In recent studies, the transcriptional profiles of astrocyte populations were linked to tumors and neurodegenerative diseases (Cuevas Diaz Duran et al., 2019). Through an advanced comparative bioinformatic analysis, it has been shown that gene signatures of astrocytic subpopulations correlate with glioma subtypes. In addition, several genes linked with neurodegenerative diseases such as AD, HD or PD were enriched in subpopulations of astrocytes (Sofroniew and Vinters, 2010).

Does astrocytic dysfunction precede neurodegeneration in specific brain regions?
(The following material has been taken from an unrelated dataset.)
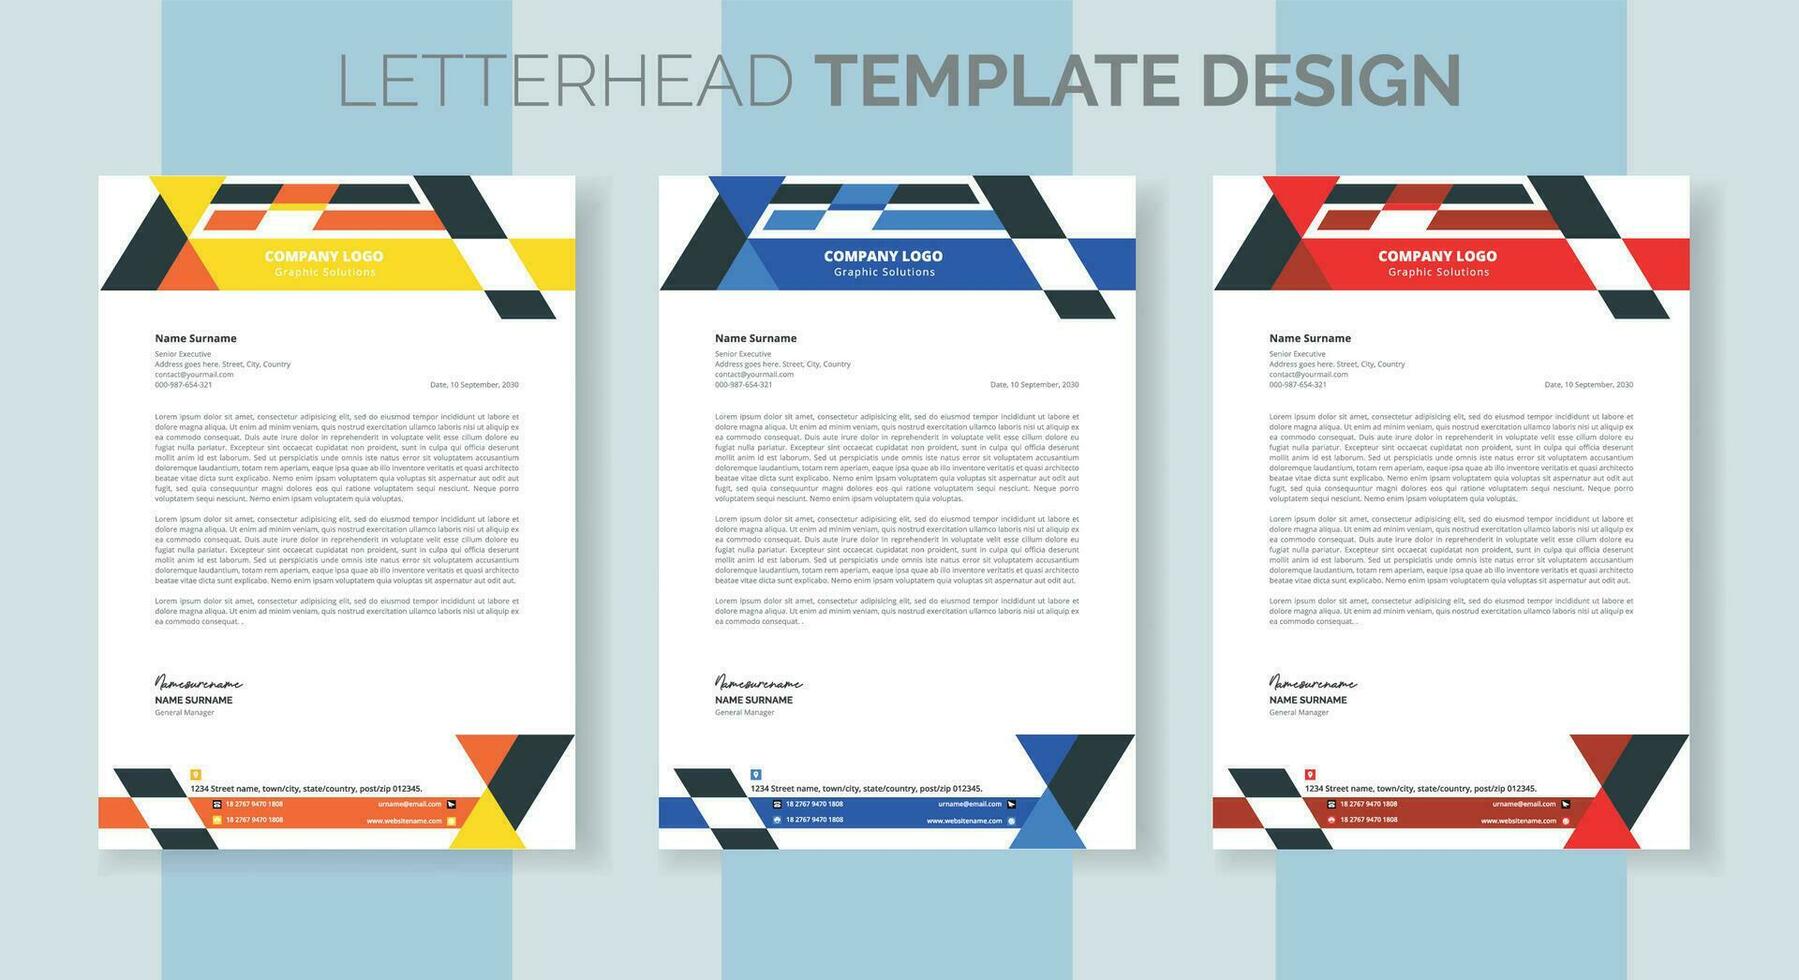 företags- modern företag brev design mall. kreativ modern brev design mall för din projekt. brev huvud, brevpapper, företag brev design vektor

The progression of astrocytosis and Aβ deposition has been examined using in vivo positron emission tomography in a transgenic mouse model of AD (APPswe) (Rodriguez-Vieitez et al., 2015). In 6-month-old APPswe, authors observed intense cortical astrocytosis but not Aβ plaques deposition, suggesting that astrocytosis occurs early in AD and precedes Aβ plaque deposition. Furthermore, a pan-cortical transcriptomic network analysis provided a comprehensive assessment of the critical molecular pathways associated with AD pathology. It offered new insights into the molecular mechanisms underlying selective regional vulnerability to AD at different stages of the progression of cognitive deficits and development of the canonical neuro-pathological lesions characterizing this disorder (Wang et al., 2016). Many of the gene expression changes, including those of oligodendrocytes, occurred early in the progression of the disease, making them potential treatment targets and unlikely to be mere bystander result of degeneration.

Conclusions

More extensive studies of the time course of gliosis in neurodegenerative diseases models should be carried out to determine whether astrogliosis is a previous phenomenon triggering neurodegeneration. Understanding the responses of astrocytes in diseases represents a new challenge for the diagnostic and the development of successful strategies against specific neurological disorders by interfering with the astrocytic subpopulations.